Von der Giftlattich-Pflanze wurden früher die getrockneten Blätter und der getrocknete Milchsaft, das Lactucarium, verwendet. Aus den Blättern wurde Tee zubereitet, das Lactucarium direkt eingenommen. In beiden Fällen wird von einer beruhigenden, schmerzstillenden, einschlaffördernden Wirkung berichtet. Auch gegen Hustenreiz und als Diuretikum wurde es erfolgreich eingesetzt.

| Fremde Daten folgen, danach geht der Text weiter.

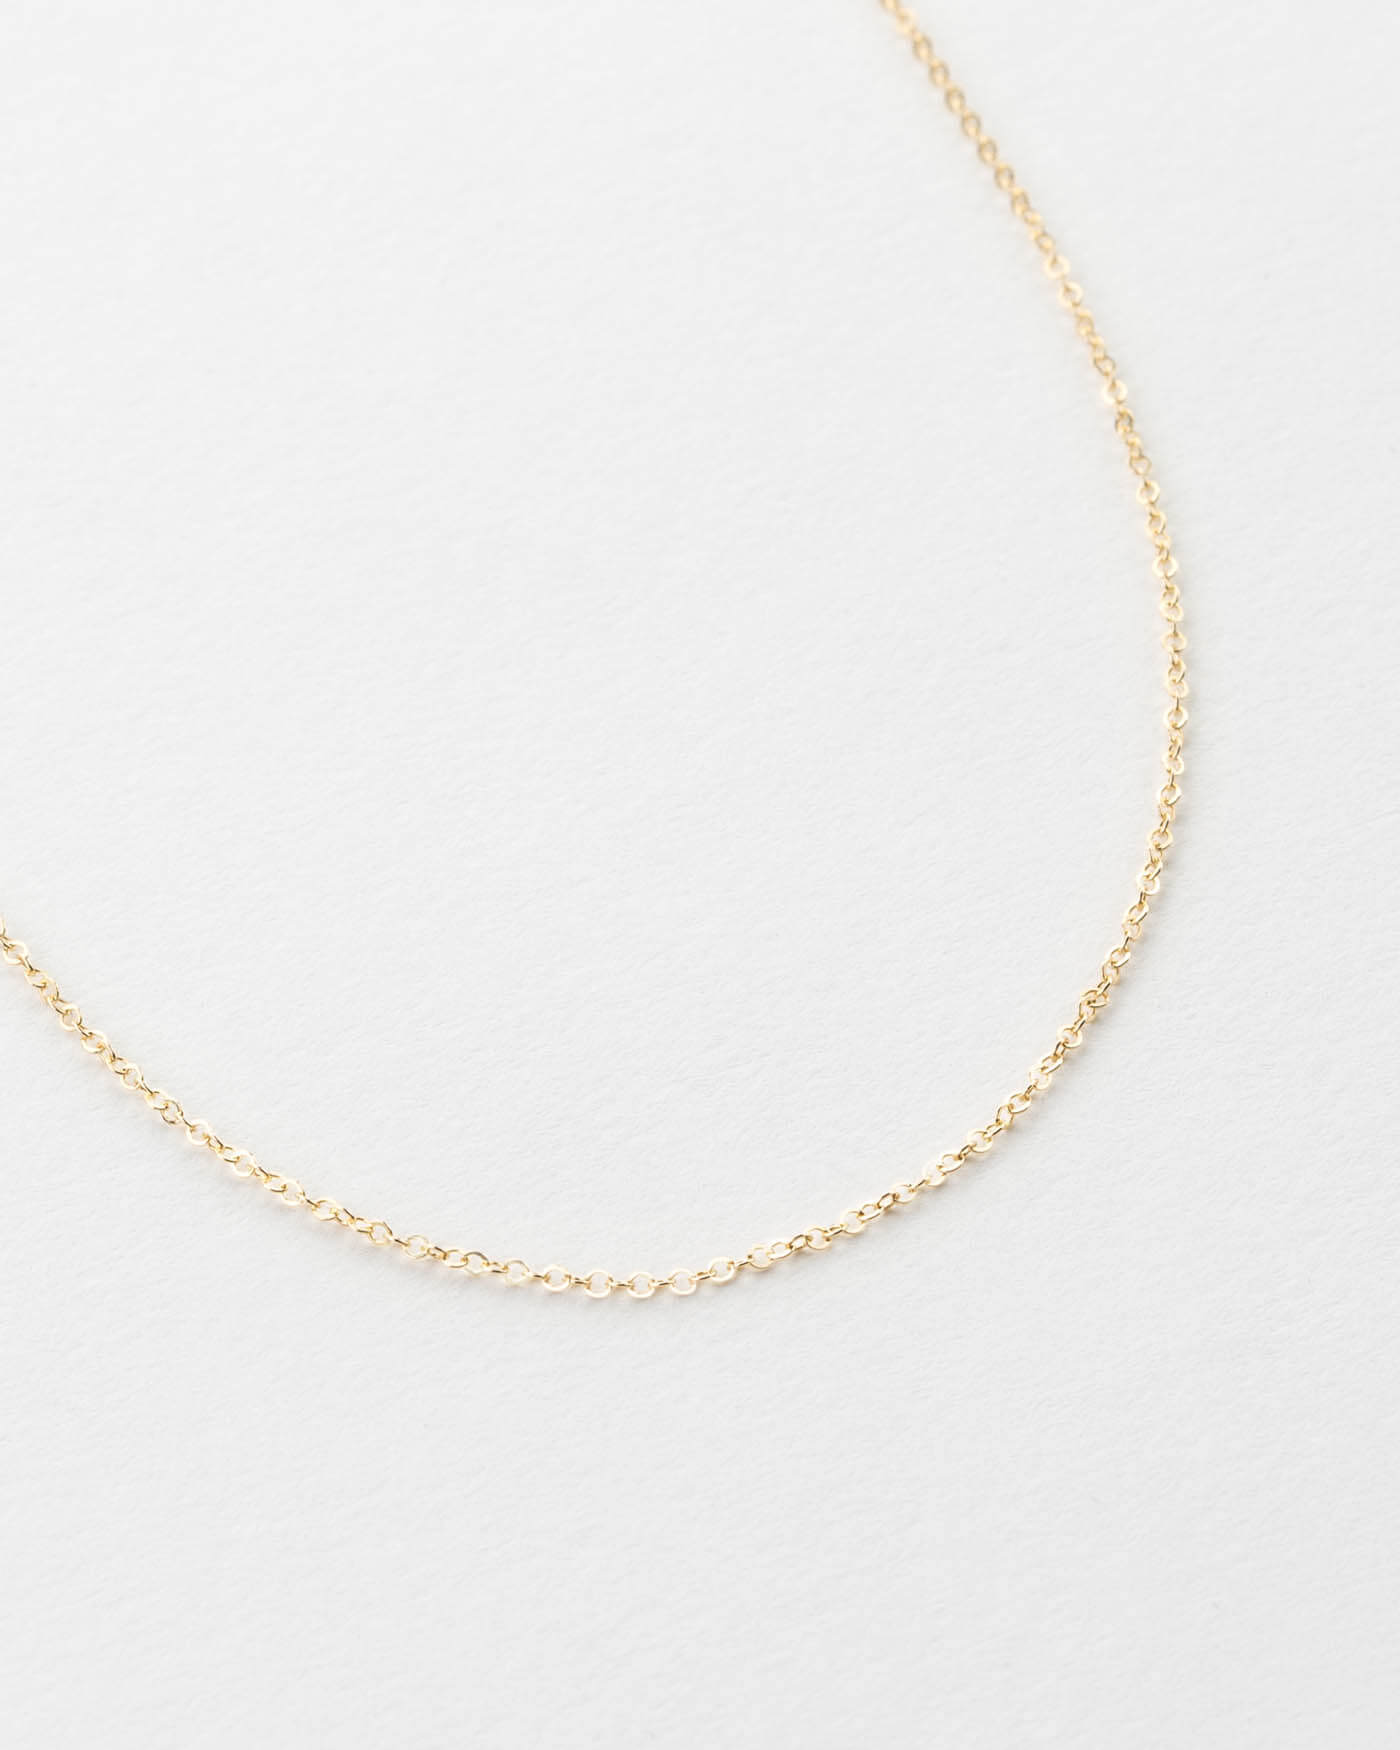 Thin ROPE Chain Necklace, Any Length, 14k Gold Fill or Sterling

Die Wirkung des Giftlattichs als Downer führte dann auch zu der Bezeichnung Pflanze der Eunuchen, und Ärzte verschrieben Giftlattichtee gegen Nymphomanie. Im frühen Altertum dagegen glaubten die Menschen noch, die Ähnlichkeit des Milchsaftes mit Sperma bedeute, die Pflanze wäre ein Aphrodisiakum!

Die getrockneten Blätter und besonders das Lactucarium müssen als stark giftig eingestuft werden. Eine Einnahme von wesentlich mehr als ein Gramm Lactucarium ruft zuerst Kopfschmerz, Schweißausbrüche und Schwindel hervor, und die Vergiftung kann bis zum Herzstillstand führen. Laut Hager[4] sind beim bestimmungsgemäßen Gebrauch jedoch "praktisch nie ernstzunehmende Vergiftungen" aufgetreten. Konkrete Vergiftungsfälle seien in jüngerer Zeit weder beim Menschen noch beim Tier bekannt geworden.

Geschichte

Giftlattich wurde seit dem Altertum als Heilpflanze verwendet. Zunächst im Mittelmeerraum, und später auch bei uns war seine angeblich beruhigende, harntreibende Wirkung geschätzt. Hippokrates beispielsweise schrieb 430 v. Chr über die unterschiedlichen Vorzüge des wilden Lattichs und des Kopfsalats. Der römische landwirtschaftliche Schriftsteller Columella beschrieb im Jahr 42 vier Lattich-/Salatsorten, und Plinius nur 57 Jahre später deren neun. Kaiser Augustus soll für seine Genesung von schwerer Krankheit den Giftlattich verantwortlich gemacht haben und so beeindruckt gewesen sein, dass er zu dessen Ehre eine Statue errichten ließ. Es muss sich um starke Schmerzen gehandelt haben, denn die Wirkung der Pflanze wird als ähnlich der des Opiums beschrieben, obwohl sie keinerlei Opiate enthält. Warum Augustus dann aber nicht Opium selbst verwendete, das den Römern wohlbekannt war, bleibt unklar. Vermutlich mit der Ausweitung des römischen Reiches verbreiteten sich dann die Lattichpflanzen auch in anderen Teilen Europas.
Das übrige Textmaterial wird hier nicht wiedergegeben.